Personal life
- Born: 1941 (age 84–85)
- Occupation: rabbi

Religious life
- Religion: Judaism

Jewish leader
- Position: Rosh Yeshiva
- Yeshiva: Web Yeshiva
- Residence: Jerusalem, Israel

= Chaim Brovender =

American rabbi

Chaim Brovender (חיים ברובנדר; born 1941) is an Israeli Modern Orthodox and Religious Zionist rabbi.

==Biography==
Brovender was born in 1941 in Brooklyn, New York. He attended Yeshivah of Flatbush, a coeducational Modern Orthodox day school. He later graduated from Yeshiva University with a BA in mathematics and rabbinical ordination from Rabbi Joseph B. Soloveitchik.

In 1965, he and his wife moved to Jerusalem, Israel. Until 1967, he studied in the Kollel of Yeshivas Itri (the Israel Torah Research Institute) under Rabbi Mordechai Elefant. In 1974, Brovender completed a doctorate in Semitic languages from Hebrew University.

In 1967, on the advice of Rabbi Menachem M. Schneerson, Brovender founded Hartman College in Romema, Jerusalem (under the aegis of the Israel Torah Research Institute). Its purpose was to serve as a yeshiva for American students who wanted to study in Israel.

In 1976, Rabbi Brovender founded Yeshivat HaMivtar in French Hill, Jerusalem.

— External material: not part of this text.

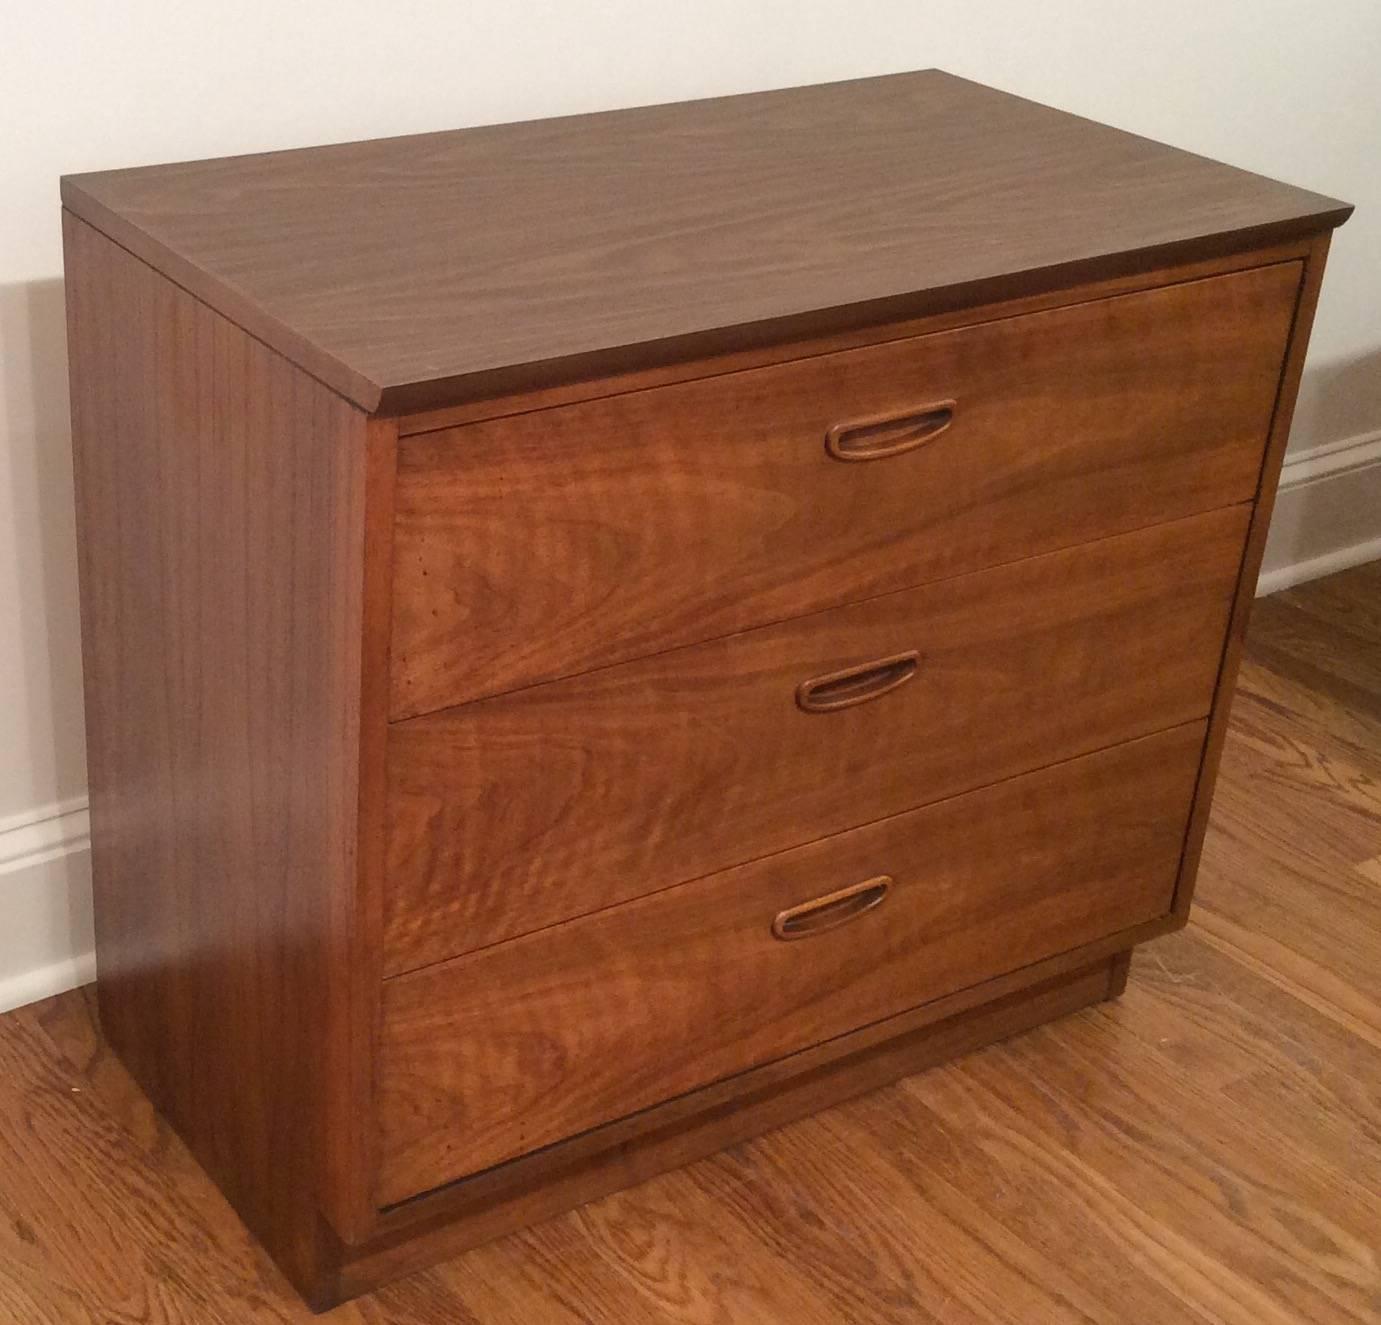 1960s three-drawer dresser by Lane. The dresser is a lovely walnut grain and the top is Formica. We have two available on our 1stdibs website. The drawer handles are recessed giving a modern appearance.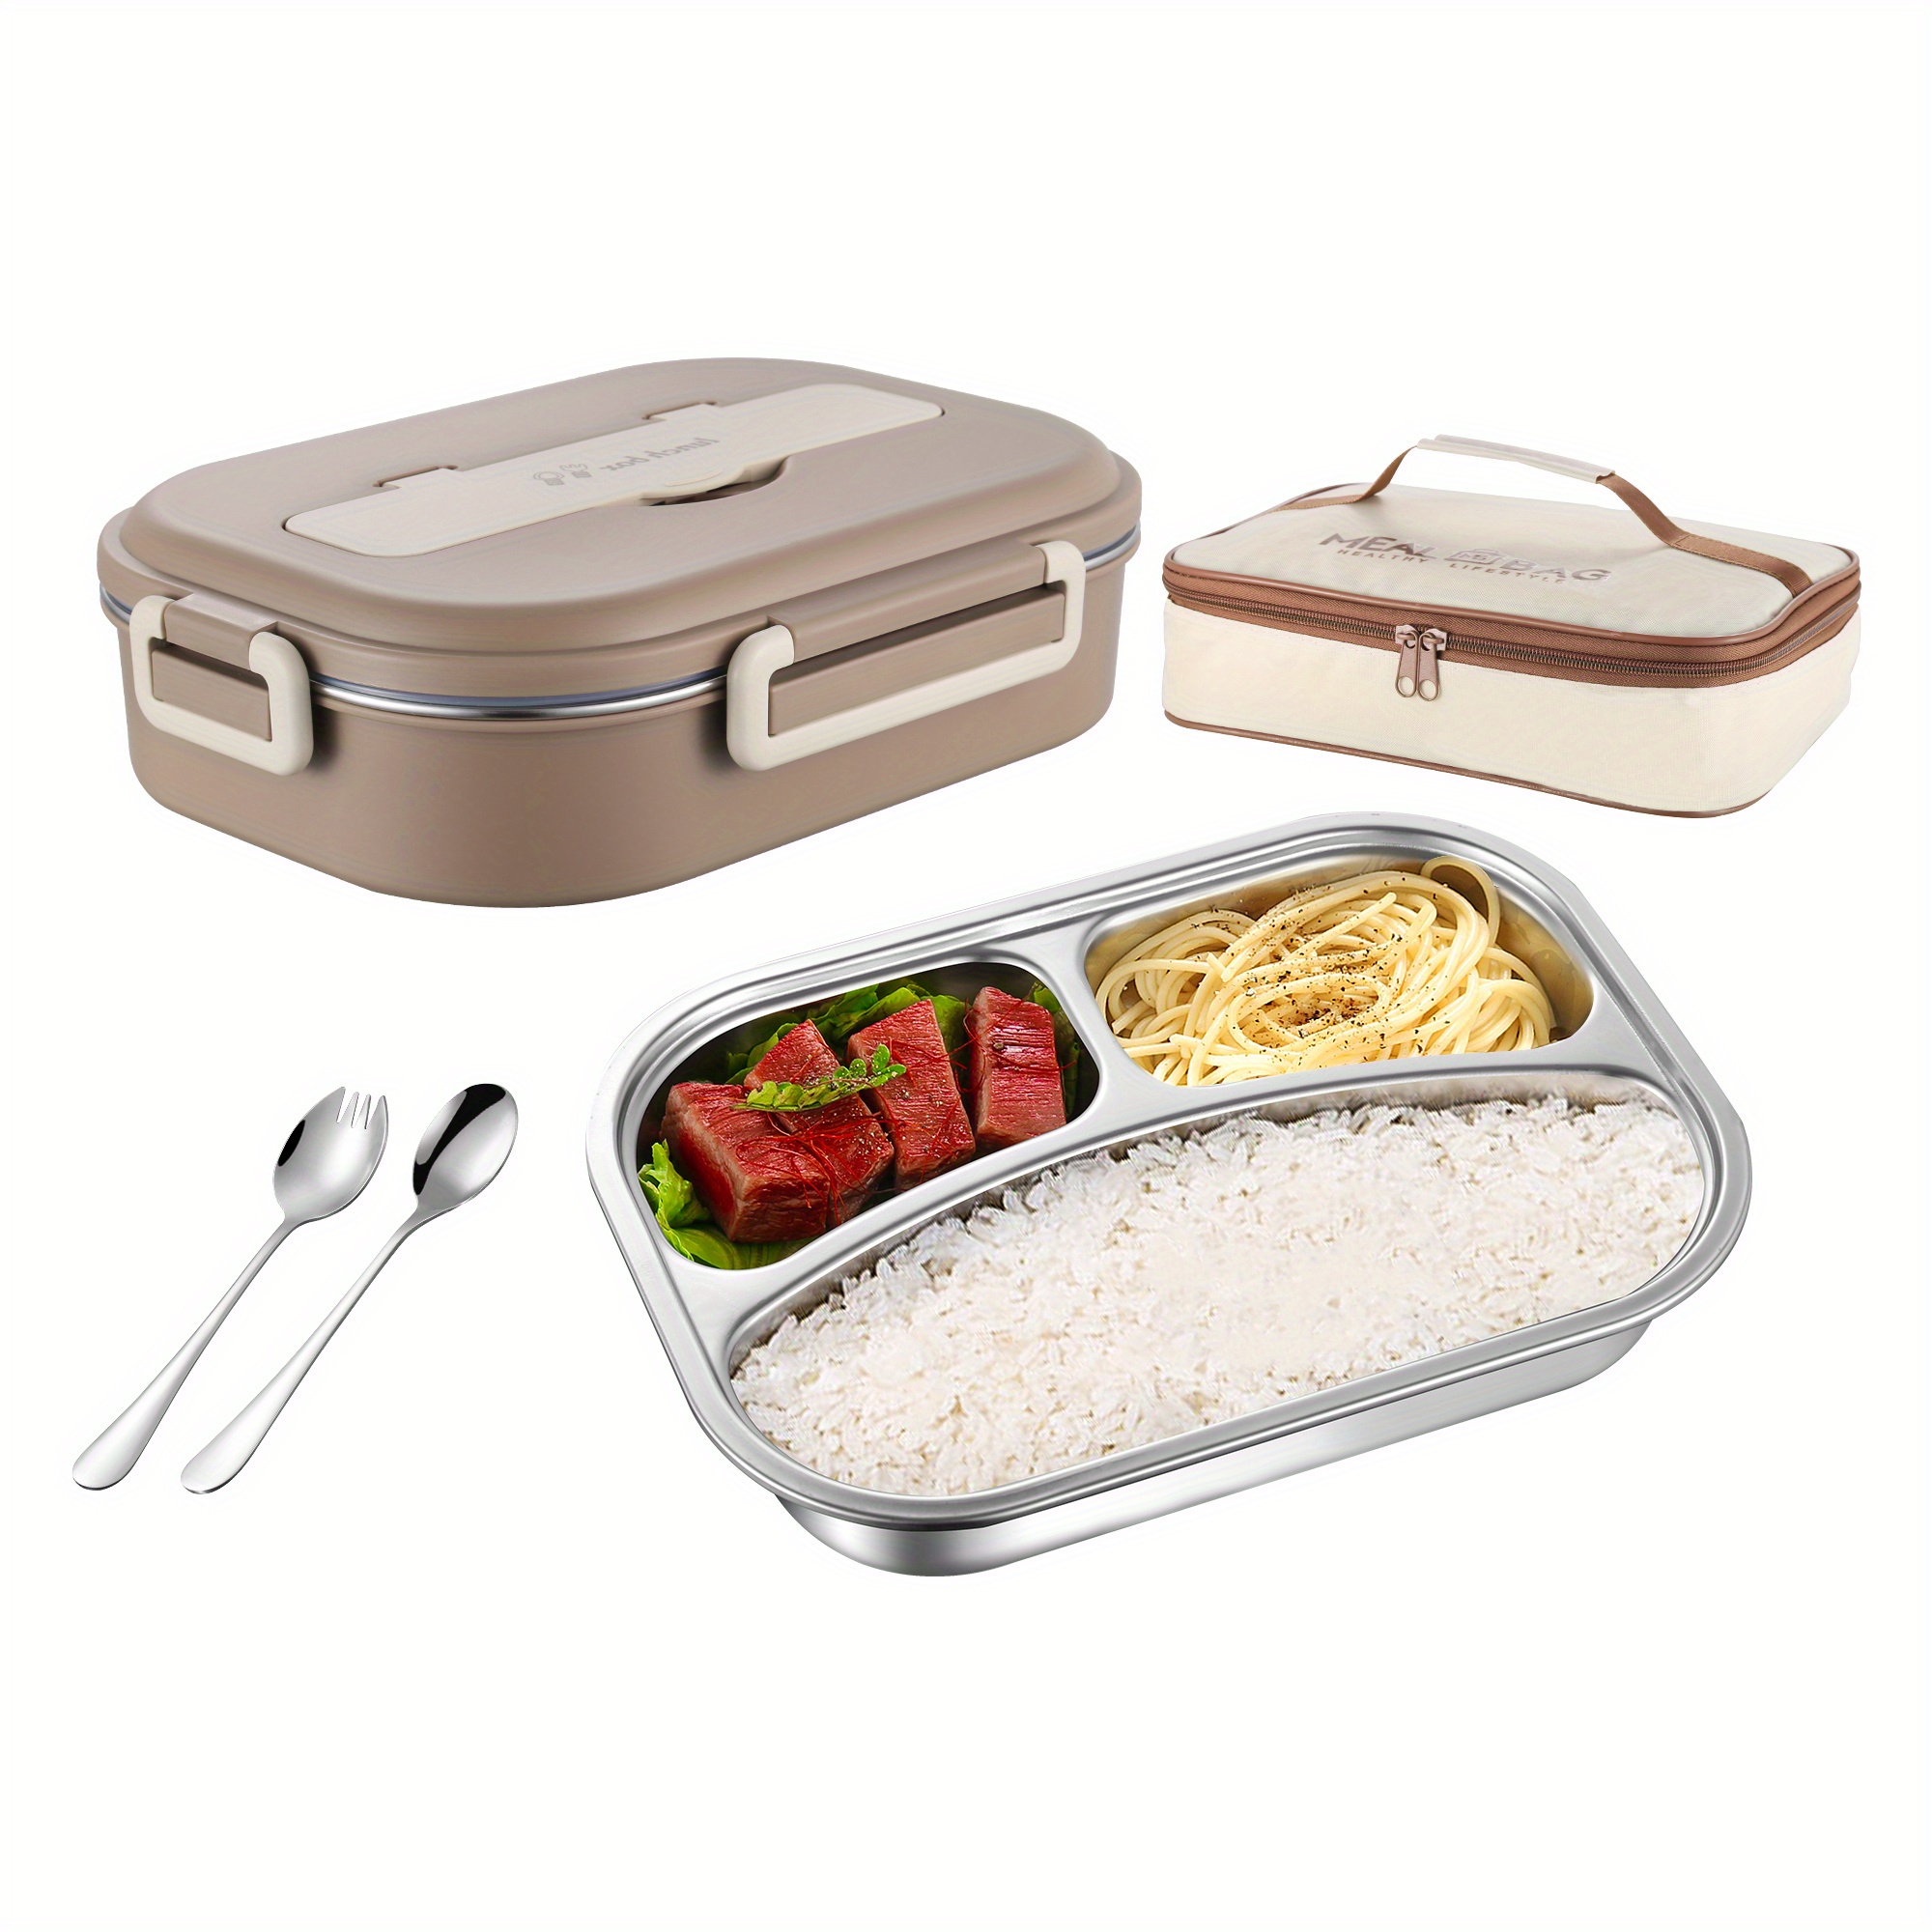  Thousanday Lunch Box for Kids & Adults, Bento box with

That same year, Brovender established Midreshet Lindenbaum, originally named Michlelet Bruria, as the women's component of Yeshivat Hamivtar. Brovender successfully ran Yeshivat HaMivtar alone until 1985, when he merged it with the network of educational institutions founded by Rabbi Shlomo Riskin called Ohr Torah Stone.

In 2007, Rabbi Brovender launched WebYeshiva.org, the first live and fully interactive online yeshiva.

Rabbi Brovender served as a Rav Tzavai (army rabbi) for more than 20 years.

==2000 beating incident==
In October 2000, Brovender was beaten by Palestinian police and protesters. At the time, he was the head of the Yeshivat Hamivtar yeshiva in the Israeli settlement of Efrat, and was driving from the yeshiva to his home in Jerusalem when he drove past a Palestinian village to bypass a road closed by recent unrest, and was pulled over by Palestinian police. Palestinian security forces managed to extract him from the scene after about an hour and hand him over to Israeli troops. His vehicle was destroyed by a Palestinian mob.